The Marriage Bed (21 page)

Two months and half a mile of space away from all the rashes, teething, and diarrhoea of his married life had smoothed out Ross’s face and removed some of its greyish look. He even smiled occasionally.

“Have a glass of wine, why don’t you,” I said, lifting the dewy bottle invitingly.

“Well, maybe just one. Kids asleep yet? They all right? I’ll go on up and have a look at them.”

“Don’t wake them up.”

I arranged myself as attractively as possible in a corner of the sofa, and when he came back downstairs, he sat down in the other corner after only a second’s hesitation. We sipped our wine. Nana did her thing. The house was quiet and peaceful.

“Things going all right at the office? What happened about the Bailey case?”

“We won it.”

“Oh, good.”

“The guy was guilty as hell, too. So Tim was really pleased. So was I, actually. I like winning the Legal Aid ones.”

“You hungry, by any chance? There’s some of that moussaka you like left over.”

“No … no thanks.” But he made no protest when I refilled his glass. Nor did he withdraw when I slipped my hand into his.

“Been in touch with your mother lately?” I asked him.

“Yes, she’s enjoying Florida.”

“You haven’t actually told her about us yet, have you. I wonder why.”

“No, it’s just … I thought I’d wait till she gets home. No point in spoiling her holiday.”

With care I let that pass without comment. Then I put down my glass, moved closer to him, and gave him a kiss intended to speak louder than words. He accepted it with mild surprise, but no unfriendliness. It was a minute before he drew away.

“Hold on, you are fogging my glasses. What is all this?”

“What does it feel like?”

“Well, but –”

“Why shouldn’t we? After all, we’re still married.”

“Yes, but –”

“Then come on. What’s wrong with here and now.”

He was already in no condition to put up much resistance, as both of us were well aware; but he did mutter, “Okay, but no strings attached, right? No complications – no regrets after I’ve gone?”

“Of course not.”

“Well, let’s go up, then. This sofa’s too small. And I’m too old to use the floor any more.”

We stopped several times along the way, and by the time we reached the bed in our room, his resistance, such as it was, had completely vanished.
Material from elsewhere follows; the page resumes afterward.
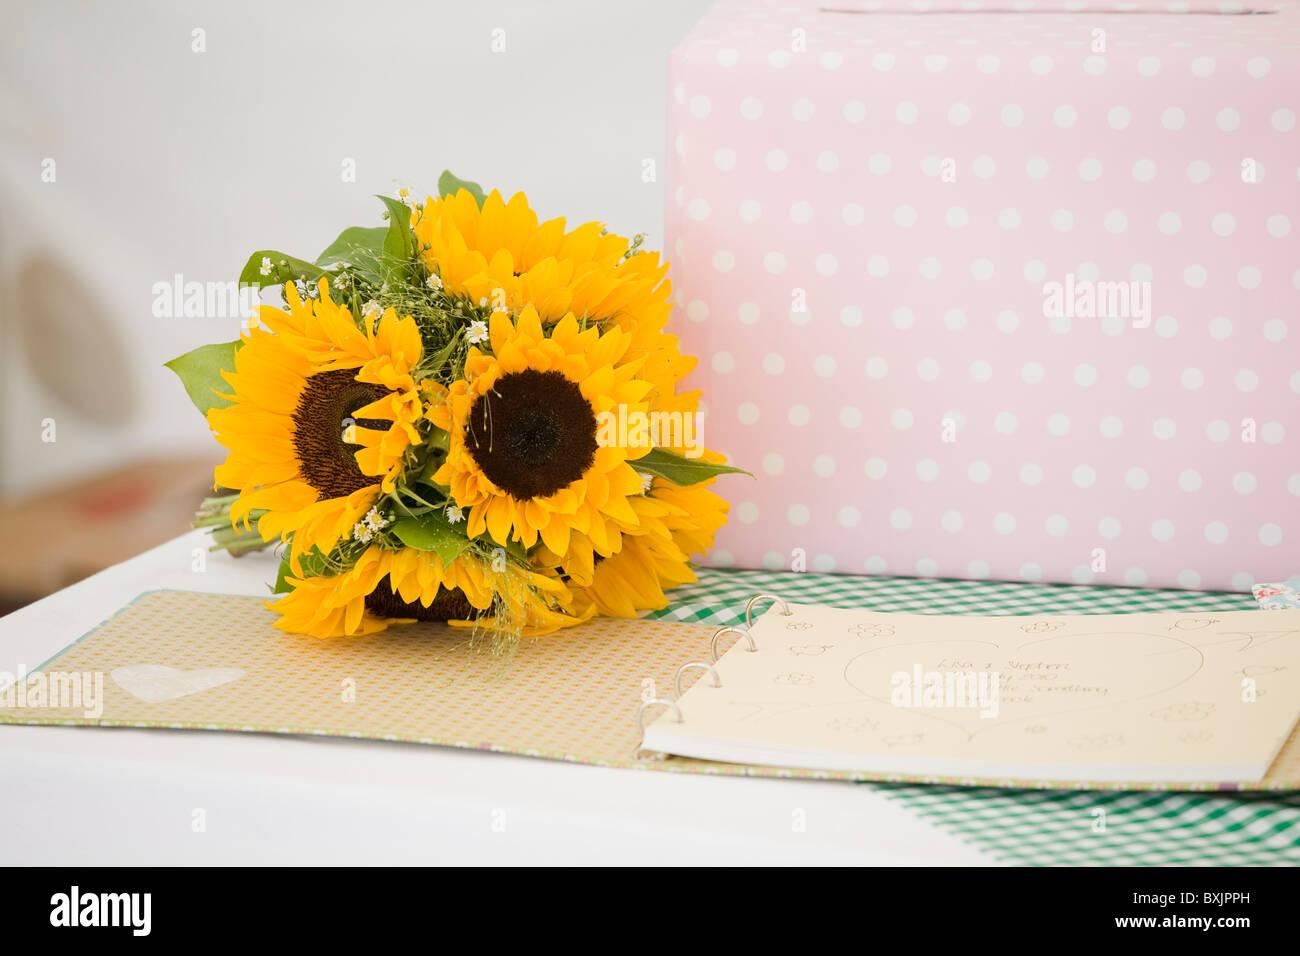 Matrimonio Fiori Girasole : Fiori per un matrimonio in autunno wedding wonderland

Our familiar bed was warm, deliciously
warm. The wine had turned my head into a helium balloon, floating somewhere above my drowsy, happy body, tickled by his lips and hands. Strange how very sleepy I felt, in spite of that catnap. Terribly sleepy …
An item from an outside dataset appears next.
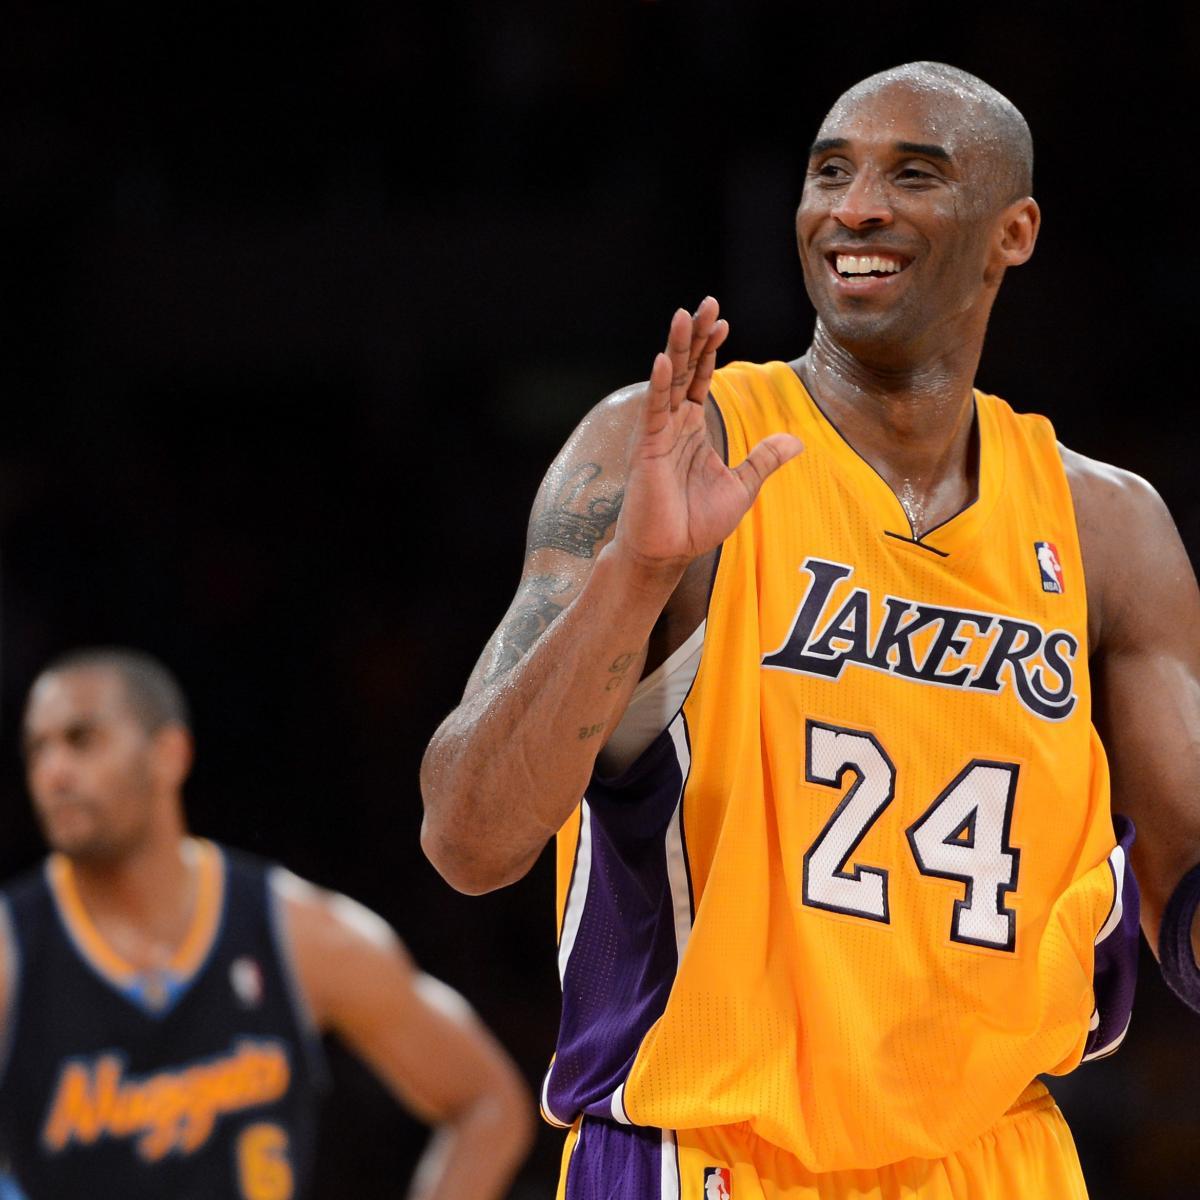 Miami Heat Las Vegas Favorite For 2013 NBA Title, But LA

My eyes blinked open to find him knotting his tie at the mirror. The face reflected there looked austere.

“There you are,” I mumbled. “What are you doing?”

“Go back to sleep,” he said.

“Oh. Was I asleep? You mean I –”

“Right in the very middle of it, to be exact.”

“It’s this crazy pregnancy. I do it all the time.” Something warned me this was no time to laugh, but how I wished one or both of us could. Instead I said, “I
am
sorry. You wouldn’t care to have another shot at it, I suppose?”

“No thanks,” he said with dignity.

So that was that. The ploy that failed, I thought, lumbering up the basement steps with the laundry basket. Just as I reached the top, the phone shrilled. I lunged for the receiver before Martha could grab it. This time it had to be Ross.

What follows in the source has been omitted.